Panagiotou et al. (2026) Investigating the mechanisms of flood susceptibility with the use of multi-basin machine learning models in data-scarce environments in Cyprus
Identification
- Journal: Journal of Hydrology Regional Studies
- Year: 2026
- Date: 2026-01-06
- Authors: Constantinos F. Panagiotou, Giorgia Guerrisi, Davide De Santis, Fabio Del Frate, Marios Tzouvaras
- DOI: 10.1016/j.ejrh.2025.103075
Research Groups
- Eratosthenes Centre of Excellence, Limassol, Cyprus
- Department of Civil Engineering and Computer Science Engineering, Tor Vergata University of Rome, Rome, Italy
Short Summary
This study developed and compared multi-basin machine learning models (SVM, XGBoost, RF, MLP) for flood susceptibility assessment in data-scarce environments in Cyprus. It demonstrated that simplified Random Forest models, utilizing key topographical and land-use features, can provide rapid and accurate predictions for effective flood risk management.
Objective
- To develop multi-basin, within-region generalized machine learning models (MLMs) for flood susceptibility by merging data from eight watersheds and testing them on an "unseen" watershed in Cyprus.

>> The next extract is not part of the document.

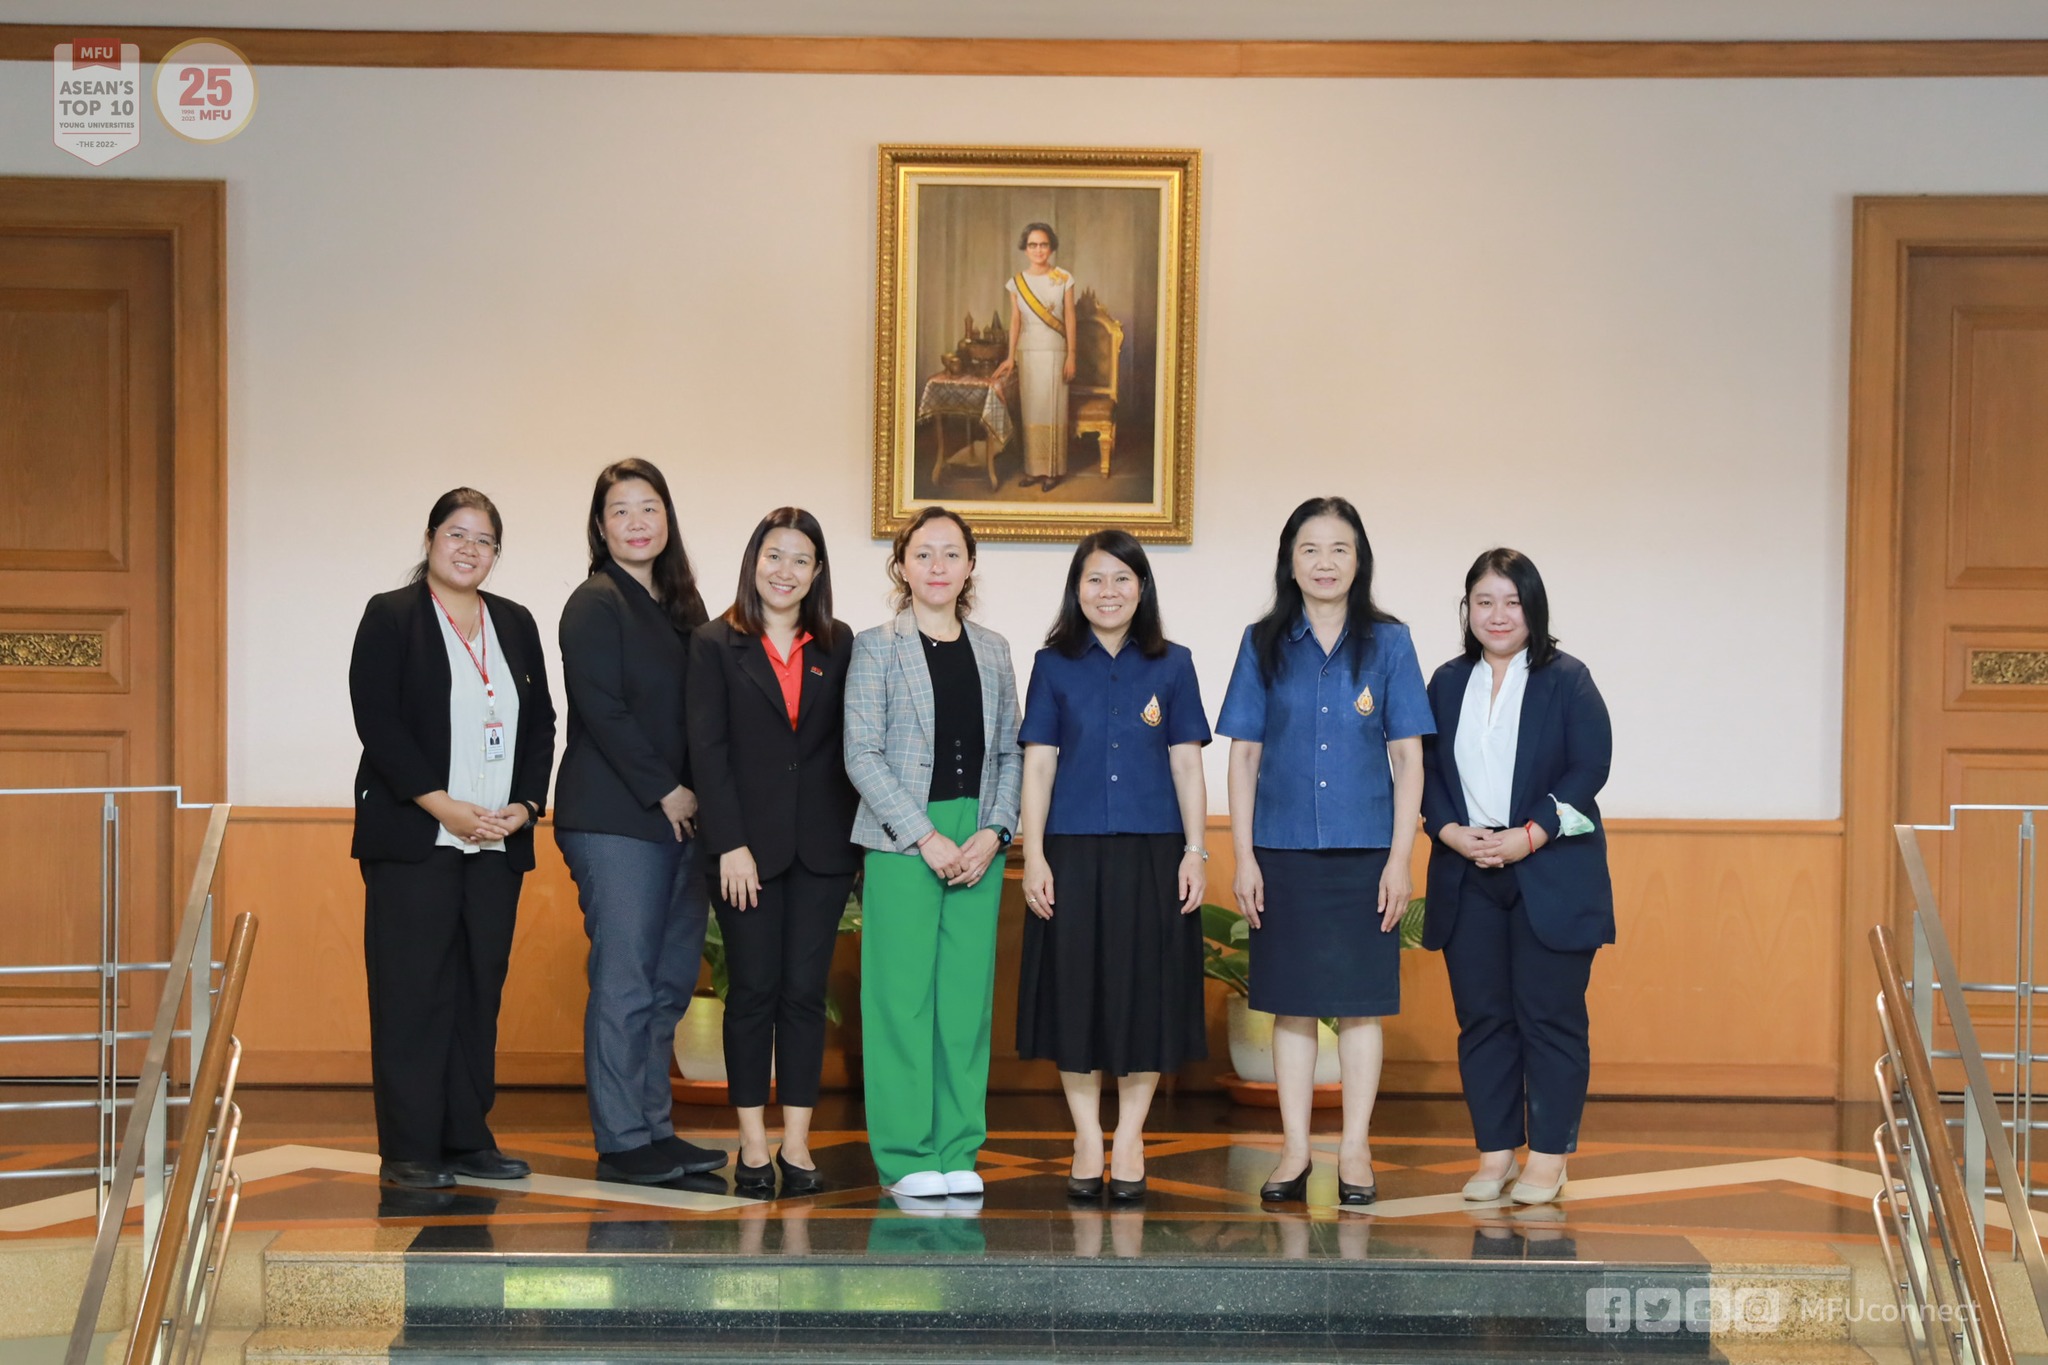 A Visit of the Delegation of the U.S. Embassy in Bangkok

- To comprehensively assess flood susceptibility by developing and comparing multiple MLMs and analyzing the influence of driving factors on flood emergence.
- To determine the minimum number of features required for developing simplified, cost-effective, and fast screening models suitable for data-scarce environments.
Study Configuration
- Spatial Scale: The island of Cyprus, focusing on nine small-scale watersheds (typically less than 100 square kilometers). Eight watersheds were used for training, and the Geroskipou watershed was used for testing.
- Temporal Scale: Flood susceptibility assessment based on physical characteristics. Input data included daily rainfall from 2011 to 2023/2024 and air temperature data from 2011 to 2024. Flood inventory data corresponded to a 500-year return period worst-case scenario.
Methodology and Data
- Models used: Support Vector Machine (SVM), Extreme Gradient Boosting (XGBoost), Random Forest (RF), Multilayer Perceptron (MLP).
- Data sources:
- Flood-related factors (7 features):
- Rainfall Intensity (RI): Daily rainfall data from 90 ground-based stations (2011–2023), calculated as modified Fournier index (dMFI).
- Euclidean distance from the drainage network (DD): Geoportal of Water Development Department.
- Terrain Elevation (TE): Digital Elevation Model (DEM) with 25 meter resolution, Department of Land and Surveys (version 2023).
- Terrain Slope (TS): Derived from DEM.
- Soil (texture and depth): Geological Survey Department.
- Land Use and Land Cover (LULC): CORINE Land Cover 2018 (version 2020_20u1).
- Flow Accumulation (FA): Derived from DEM.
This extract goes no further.